• [Recorded information]:
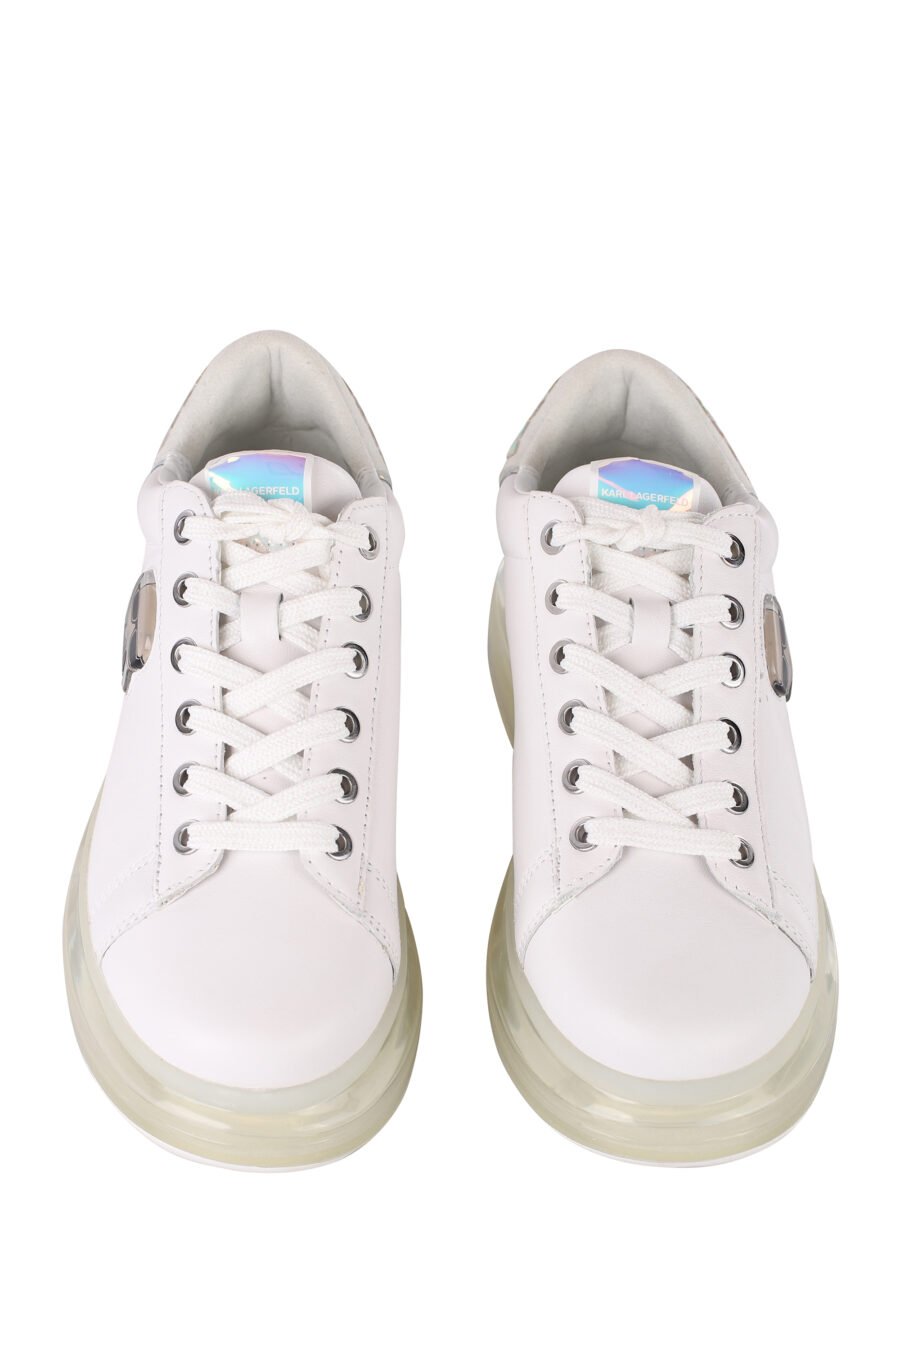 Zapatillas blancas con suela transparente y detalles en strass - IMG 1399
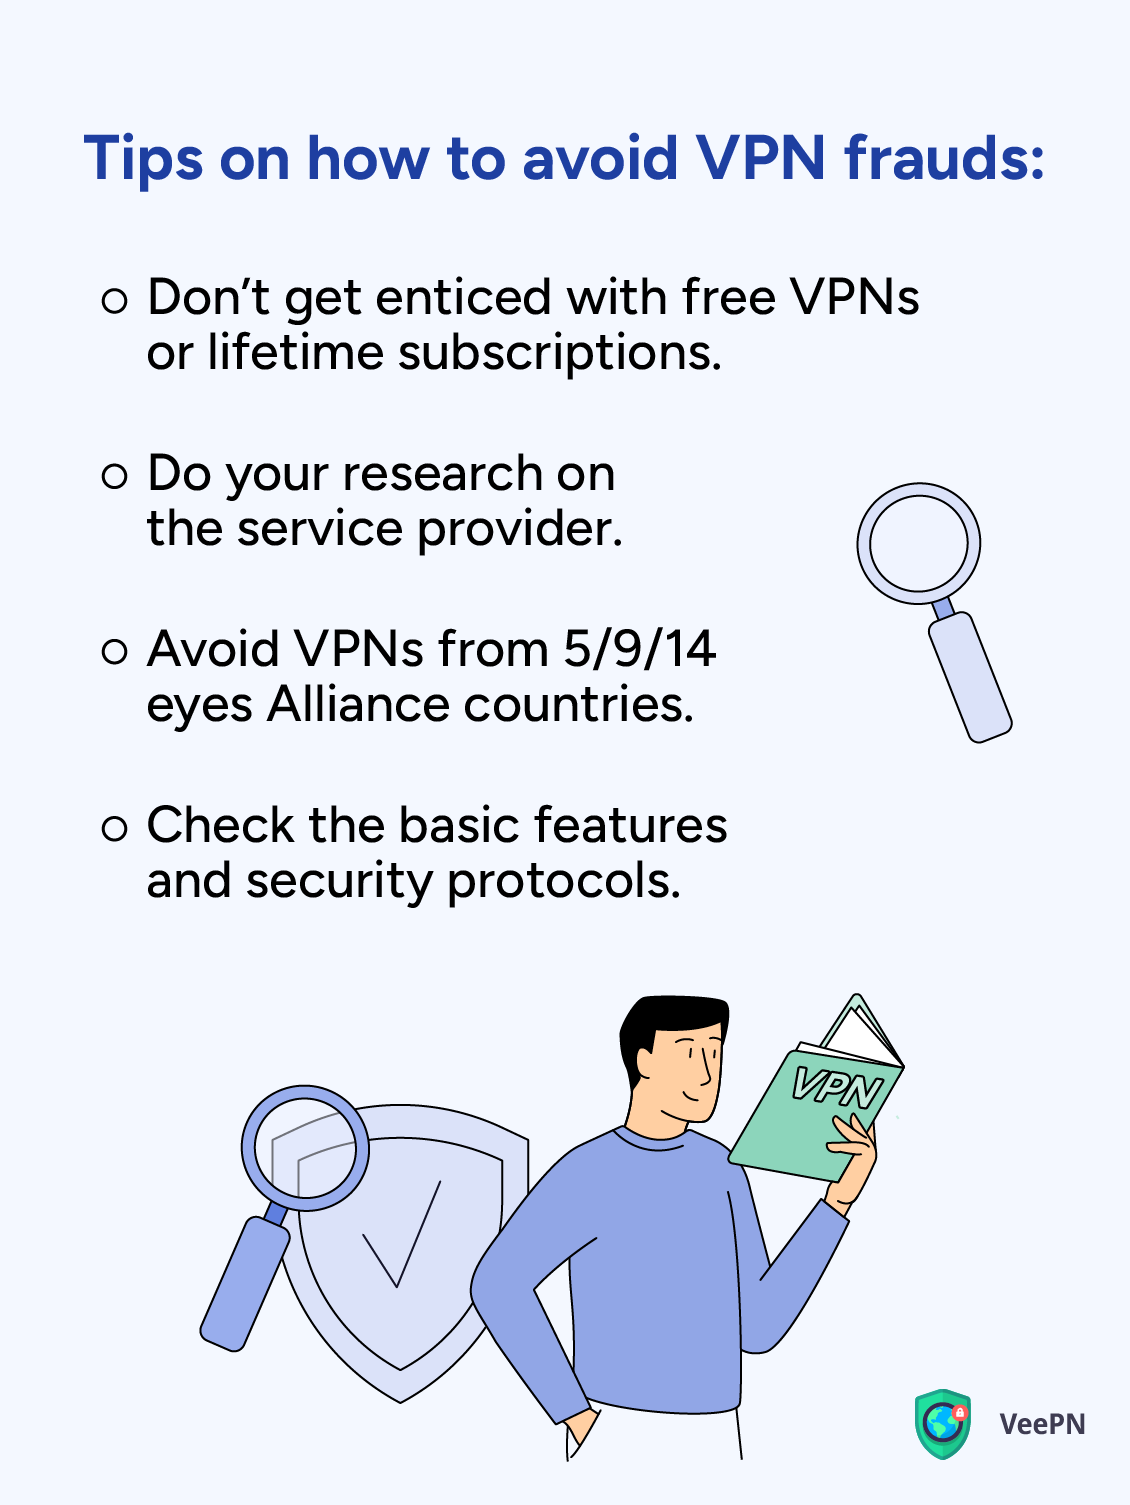 How to avoid VPN frauds
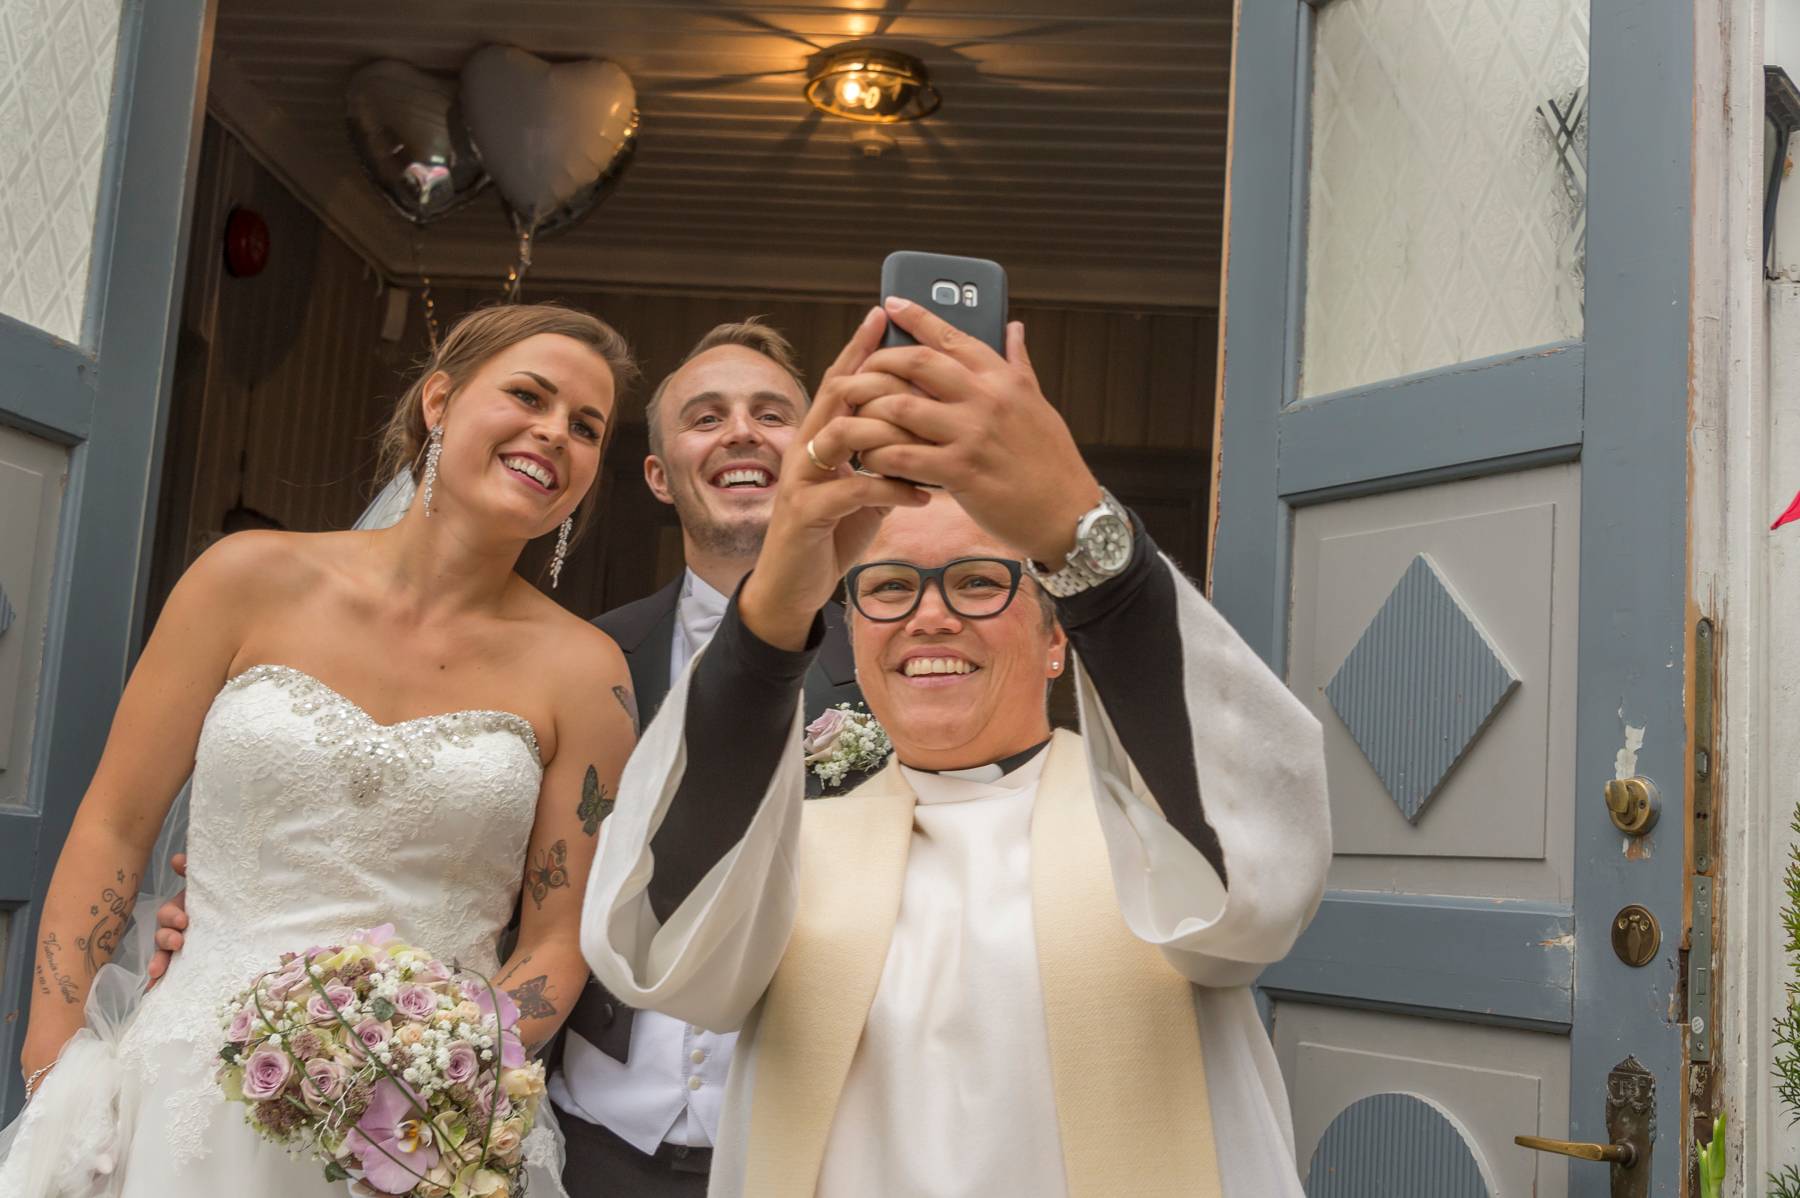 En prest som tar en selfie av seg og et brudepar

• [What you need to do]:
The expected answer is the listing above, duplicated exactly, with its pictures removed.

• [Response]:
 Zapatillas blancas con suela transparente y detalles en strass - IMG 1399
 How to avoid VPN frauds
 En prest som tar en selfie av seg og et brudepar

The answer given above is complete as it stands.